### YOUR ASSIGNMENT
In the listing that follows, give every line again exactly and omit the pictures.

### THE DATA
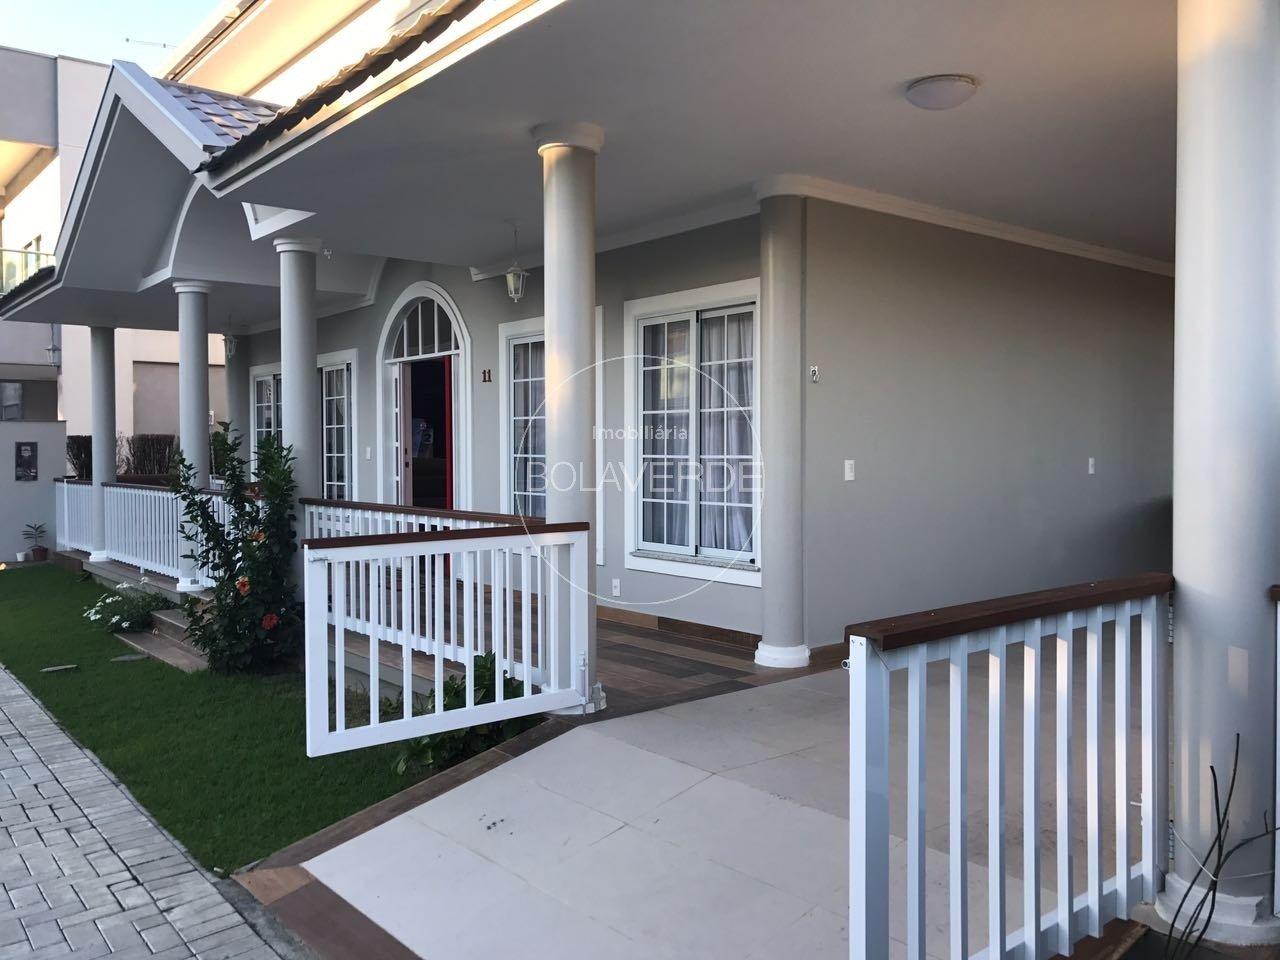 Casa em Condomínio à venda de 3 dormitórios no Barra Condomínio Boulevard da Barra em Balneário Camboriú
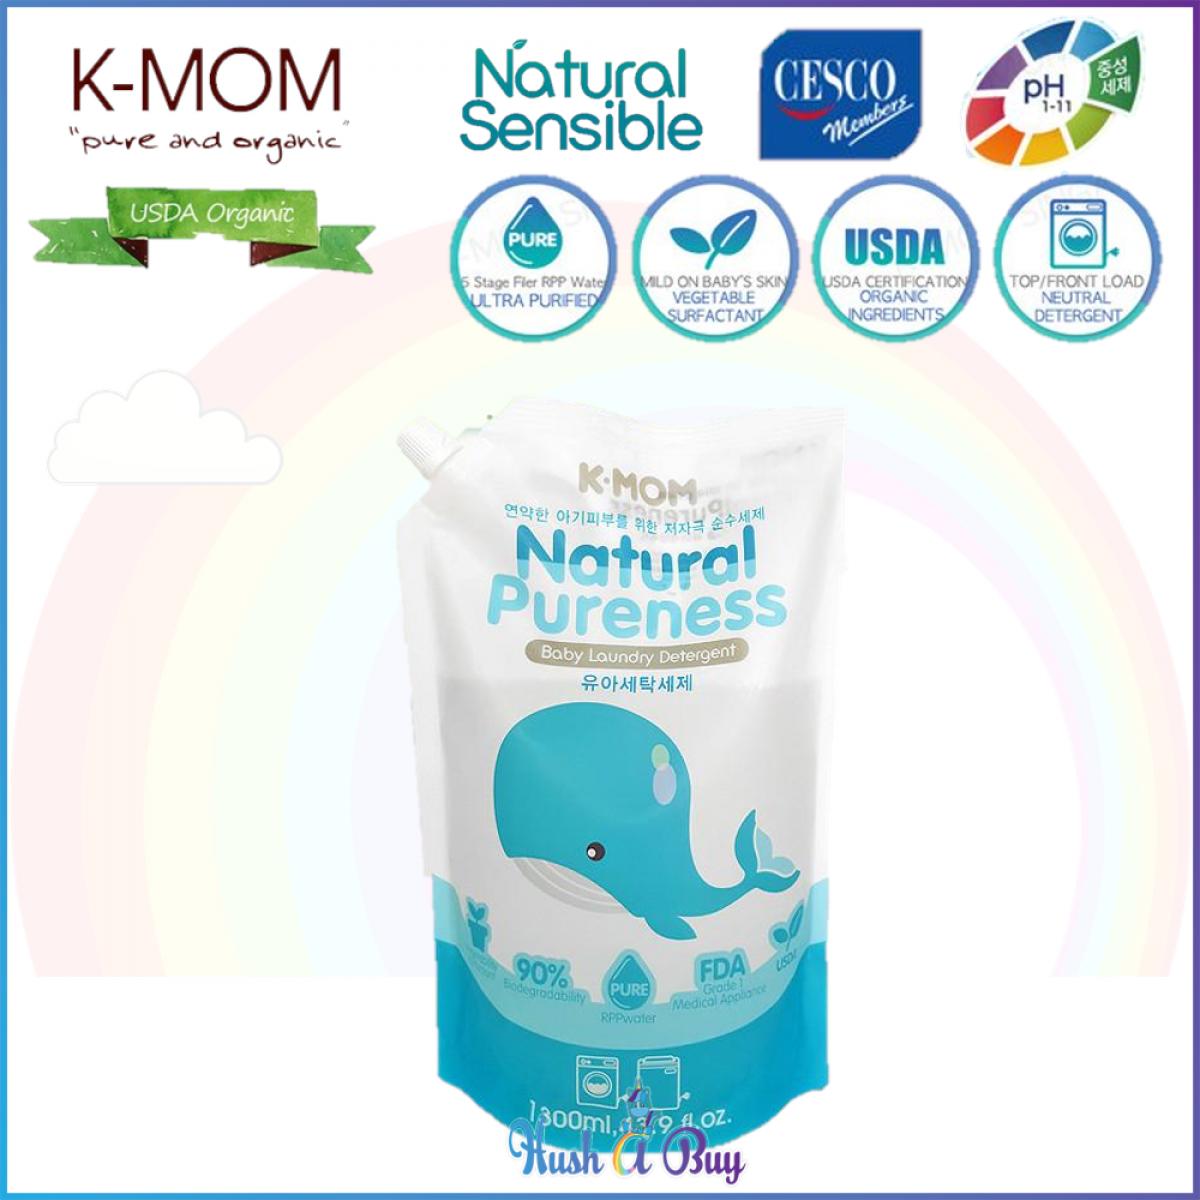 K-MOM USDA Organic Laundry & Floor Detergent Pack 1300ml - Refill
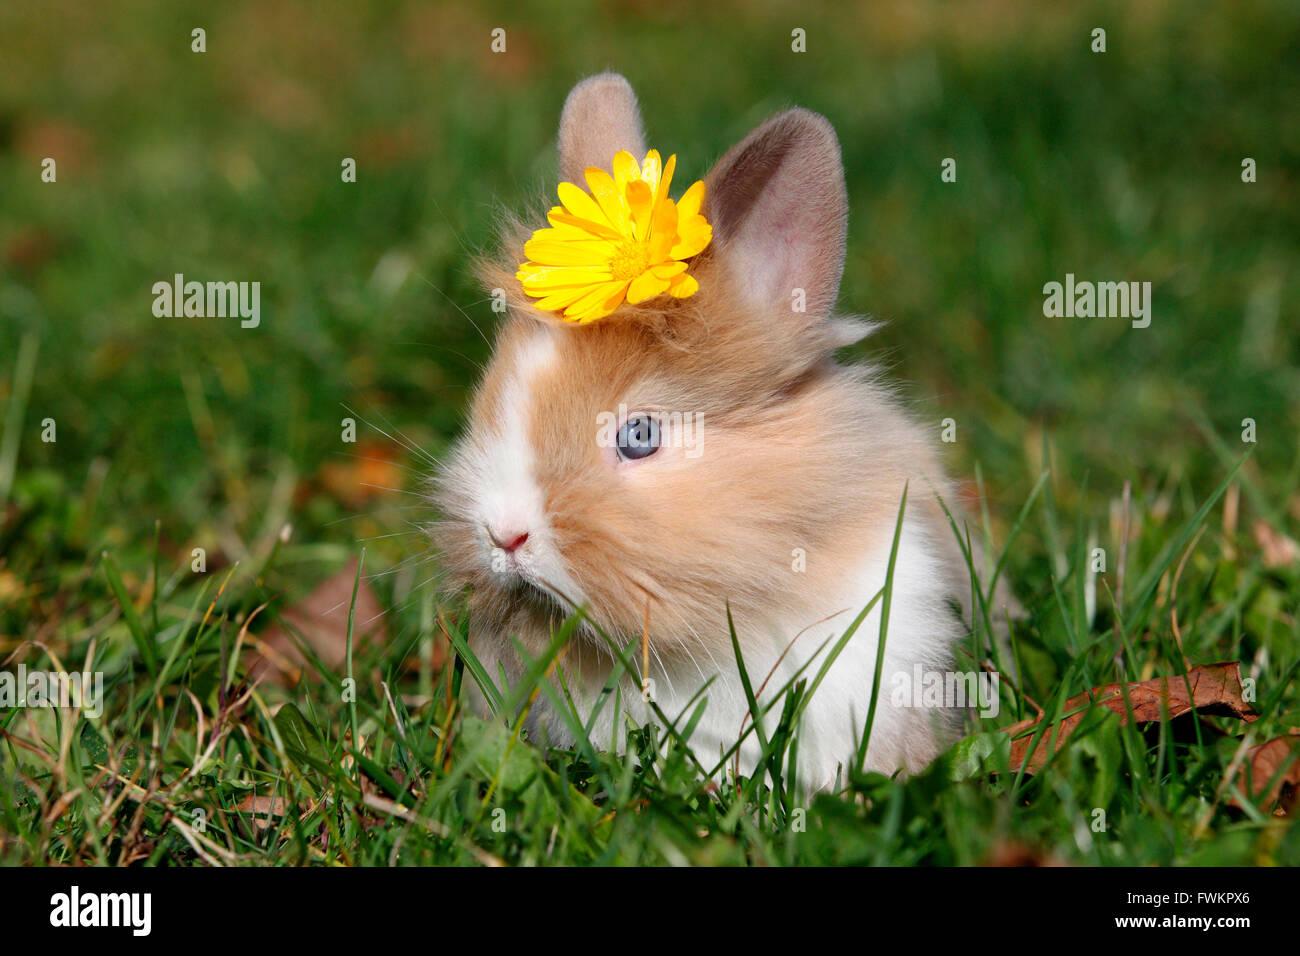 Lapin nain à tête de lion. Les jeunes assis sur un pré, portant une fleur jaune sur sa tête. Allemagne Banque D'Images
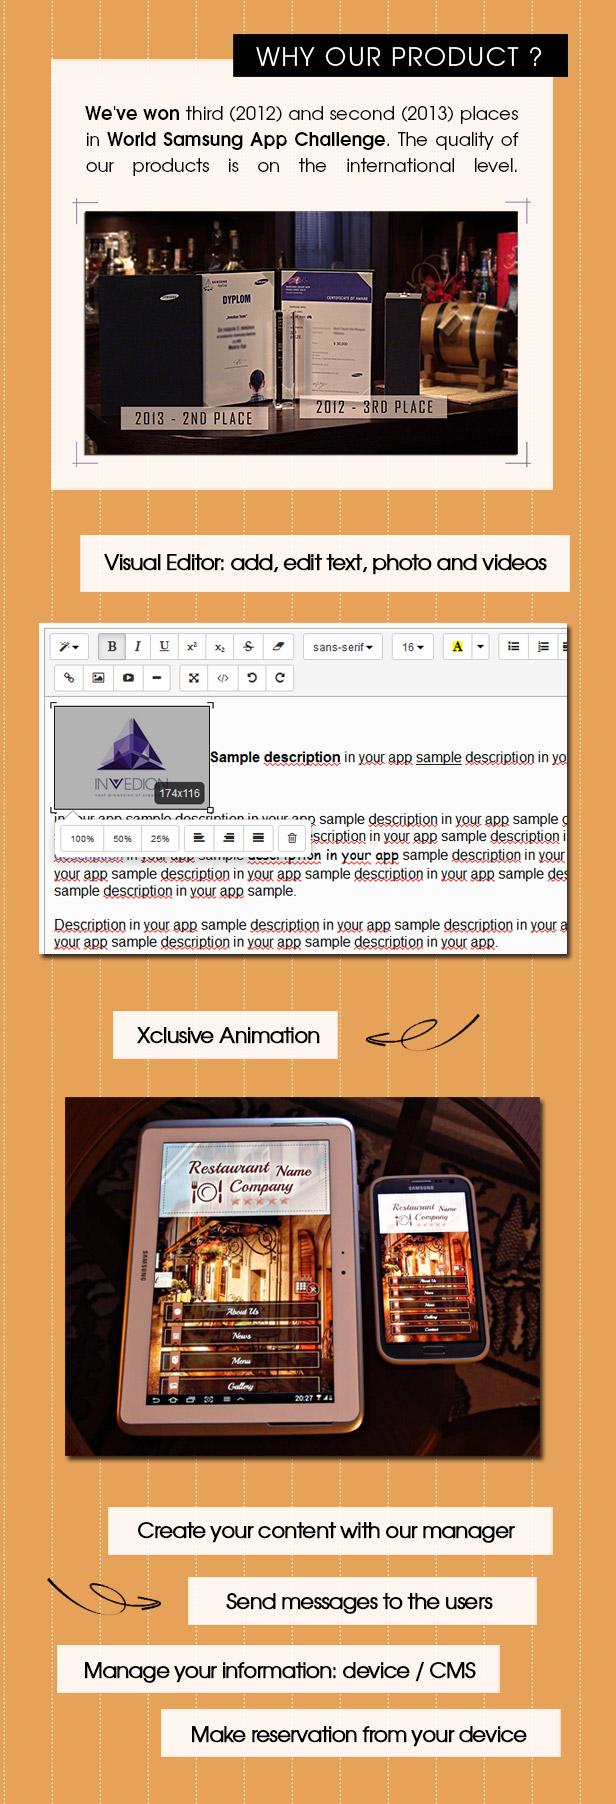 Application de restaurant avec CMS - Android [ 2020 Edition ] - 2

### EXERCISE ANSWER
 Casa em Condomínio à venda de 3 dormitórios no Barra Condomínio Boulevard da Barra em Balneário Camboriú
 K-MOM USDA Organic Laundry & Floor Detergent Pack 1300ml - Refill
 Lapin nain à tête de lion. Les jeunes assis sur un pré, portant une fleur jaune sur sa tête. Allemagne Banque D'Images
 Application de restaurant avec CMS - Android [ 2020 Edition ] - 2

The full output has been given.